How then to sum up this year. Undoubtedly one of the most challenging most of us have had to endure, unusual personal tragedies excepted. Amongst friends and relatives, the consensus is strongly that the toll all this is taking is becoming less bearable by the day. Indeed, over lunch recently, the sheer number of tragic turns caused or exacerbated by all this uncovered by just 3 people was startling. It seems fairly clear that the weight of science and common sense is bearing down on the pandemic now in such a way as that next year a compromise between protecting the NHS, allowing the economy to operate and providing individuals with the freedoms to recover should be found.
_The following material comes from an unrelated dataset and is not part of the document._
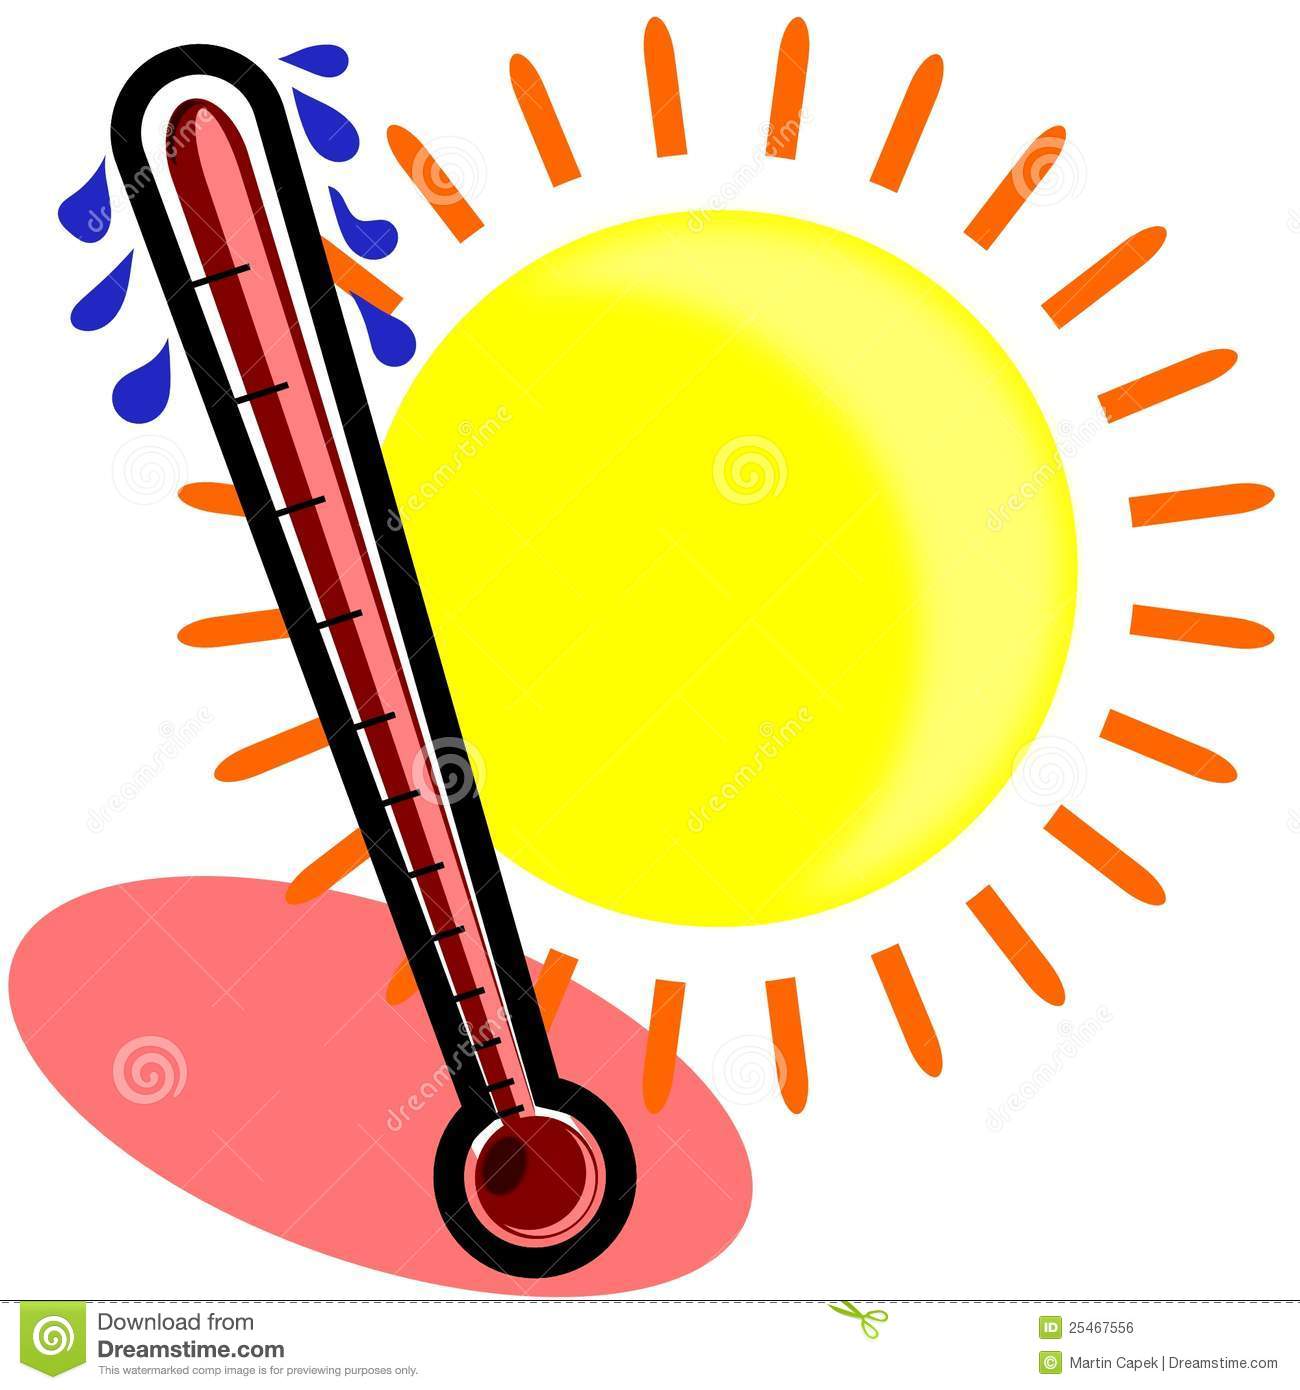 Thermometer warm clipart.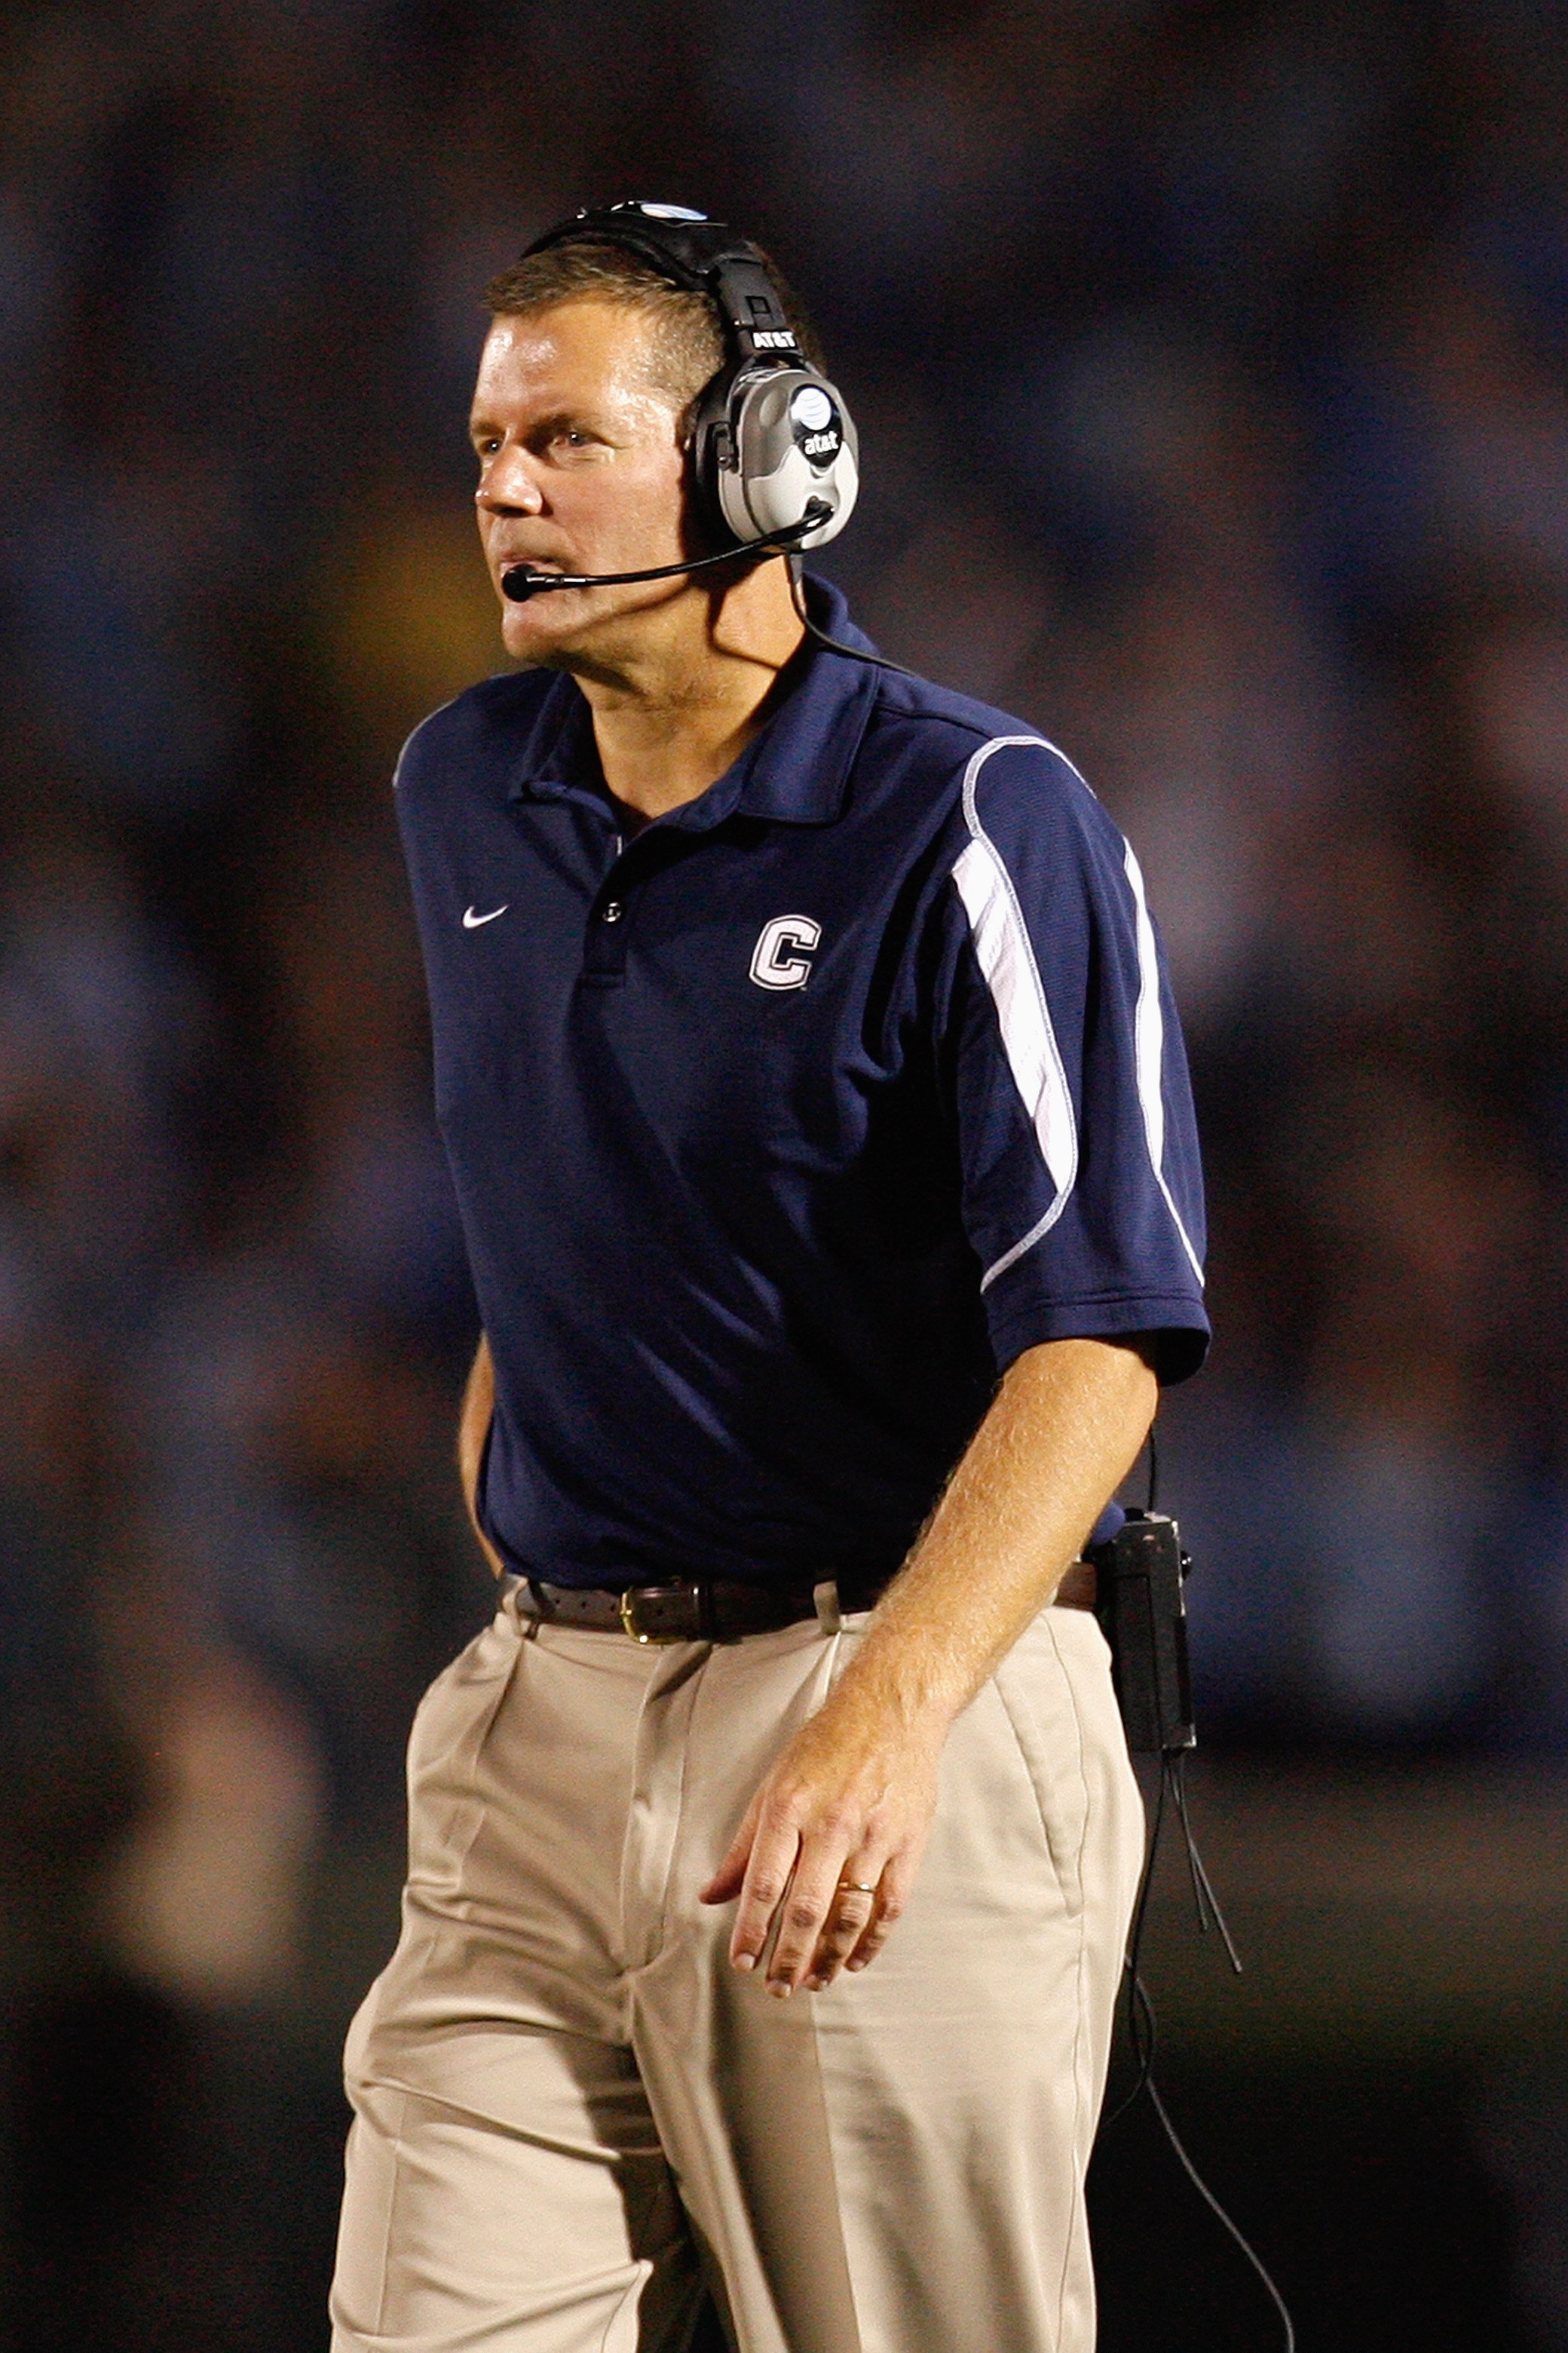 CHAPEL HILL, NC - OCTOBER 4:  Head coach Randy Edsall of the Connecticut Huskies looks on during the game against the North Carolina Tar Heels at Kenan Stadium on October 4, 2008 in Chapel Hill, North Carolina.  (Photo by Kevin C. Cox/Getty Images)

Quite when and how comfortable a compromise that is remains to be seen and we’ll be finding collateral damage for years to come, before which we’ll have a view of where this leaves hospitality. Thanks to grants and furlough, we’ve seen less loss of business in York than I expected but perhaps the tricky bit is to come in the next six months as restrictions balance against consumer confidence, staffing issues and supply chain issues. Fingers crossed this time next year finds an actively upbeat review of the year rather than this cautious assessment.